1.8.2 Data Aggregation
The data aggregation phase of the big data life cycle involves collecting the raw data, transmitting the data to the storage platform, and preprocessing them. Data acquisition in the big data world means acquiring the high‐volume data arriving at an ever‐increasing pace. The raw data thus collected is transmitted to a proper storage infrastructure to support processing and various analytical applications. Preprocessing involves data cleansing, data integration, data transformation, and data reduction to make the data reliable, error free, consistent, and accurate. The data gathered may have redundancies, which occupy the storage space and increase the storage cost and can be handled by data preprocessing. Also, much of the data gathered may not be related to the analysis objective, and hence it needs to be compressed while being preprocessed. Hence, efficient data preprocessing is indispensable for cost‐effective and efficient data storage. The preprocessed data are then transmitted for various purposes such as data modeling and data analytics.
1.8.3 Data Preprocessing
Data preprocessing is an important process performed on raw data to transform it into an understandable format and provide access to consistent and accurate data. The data generated from multiple sources are erroneous, incomplete, and inconsistent because of their massive volume and heterogeneous sources, and it is meaningless to store useless and dirty data. Additionally, some analytical applications have a crucial requirement for quality data. Hence, for effective, efficient, and accurate data analysis, systematic data preprocessing is essential. The quality of the source data is affected by various factors. For instance, the data may have errors such as a salary field having a negative value (e.g., salary = −2000), which arises because of transmission errors or typos or intentional wrong data entry by users who do not wish to disclose their personal information. Incompleteness implies that the field lacks the attributes of interest (e.g., Education = “”), which may come from a not applicable field or software errors. Inconsistency in the data refers to the discrepancies in the data, say date of birth and age may be inconsistent. Inconsistencies in data arise when the data collected are from different sources, because of inconsistencies in naming conventions between different countries and inconsistencies in the input format (e.g., date field DD/MM when interpreted as MM/DD). Data sources often have redundant data in different forms, and hence duplicates in the data also have to be removed in data preprocessing to make the data meaningful and error free. There are several steps involved in data preprocessing:
1 Data integration
2 Data cleaning
3 Data reduction
4 Data transformation
1.8.3.1 Data Integration
Data integration involves combining data from different sources to give the end users a unified data view. Several challenges are faced while integrating data; as an example, while extracting data from the profile of a person, the first name and family name may be interchanged in a certain culture, so in such cases integration may happen incorrectly. Data redundancies often occur while integrating data from multiple sources. Figure 1.11 illustrates that diversified sources such as organizations, smartphones, personal computers, satellites, and sensors generate disparate data such as e‐mails, employee details, WhatsApp chat messages, social media posts, online transactions, satellite images, and sensory data. These different types of structured, unstructured, and semi‐structured data have to be integrated and presented as unified data for data cleansing, data modeling, data warehousing, and to extract, transform, and load (ETL) the data.

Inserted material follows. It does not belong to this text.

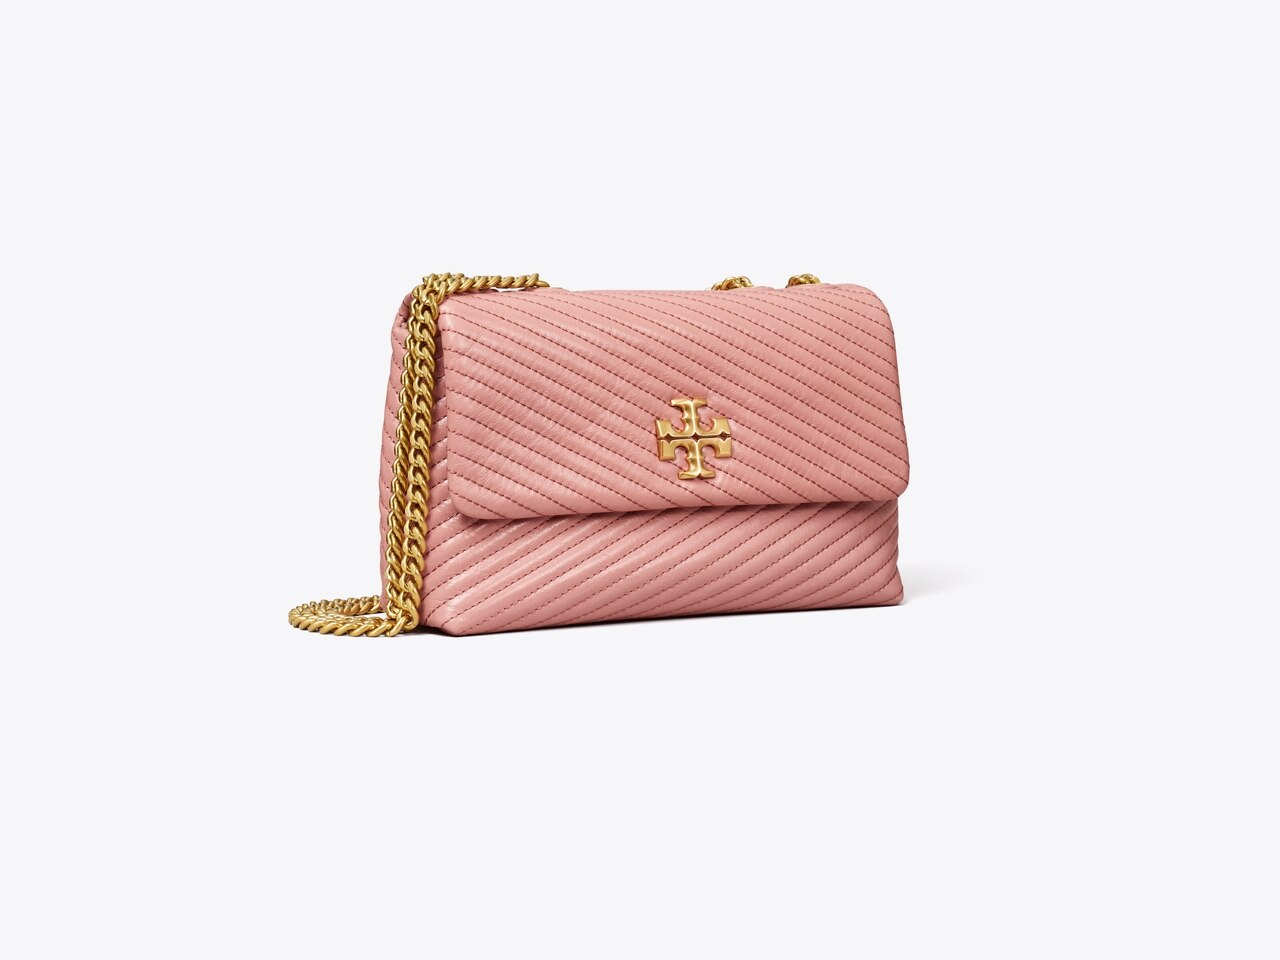 Quilted Chevron Design Chain Strap Flap Bag In DEEP PINK

Figure 1.11 Data integration.
1.8.3.2 Data Cleaning
The data‐cleaning process fills in the missing values, corrects the errors and inconsistencies, and removes redundancy in the data to improve the data quality. The larger the heterogeneity of the data sources, the higher the degree of dirtiness. Consequently, more cleaning steps may be involved. Data cleaning involves several steps such as spotting or identifying the error, correcting the error or deleting the erroneous data, and documenting the error type. To detect the type of error and inconsistency present in the data, a detailed analysis of the data is required. Data redundancy is the data repetition, which increases storage cost and transmission expenses and decreases data accuracy and reliability. The various techniques involved in handling data redundancy are redundancy detection and data compression. Missing values can be filled in manually, but it is tedious, time‐consuming, and not appropriate for the massive volume of data. A global constant can be used to fill in all the missing values, but this method creates issues while integrating the data; hence, it is not a foolproof method. Noisy data can be handled by four methods, namely, regression, clustering, binning, and manual inspection.
1.8.3.3 Data Reduction
Data processing on massive data volume may take a long time, making data analysis either infeasible or impractical. Data reduction is the concept of reducing the volume of data or reducing the dimension of the data, that is, the number of attributes. Data reduction techniques are adopted to analyze the data in reduced format without losing the integrity of the actual data and yet yield quality outputs. Data reduction techniques include data compression, dimensionality reduction, and numerosity reduction. Data compression techniques are applied to obtain the compressed or reduced representation of the actual data. If the original data is retrieved back from the data that is being compressed without any loss of information, then it is called lossless data reduction. On the other hand, if the data retrieval is only partial, then it is called lossy data reduction. Dimensionality reduction is the reduction of a number of attributes, and the techniques include wavelet transforms where the original data is projected into a smaller space and attribute subset selection, a method which involves removal of irrelevant or redundant attributes. Numerosity reduction is a technique adopted to reduce the volume by choosing smaller alternative data. Numerosity reduction is implemented using parametric and nonparametric methods. In parametric methods instead of storing the actual data, only the parameters are stored. Nonparametric methods stores reduced representations of the original data.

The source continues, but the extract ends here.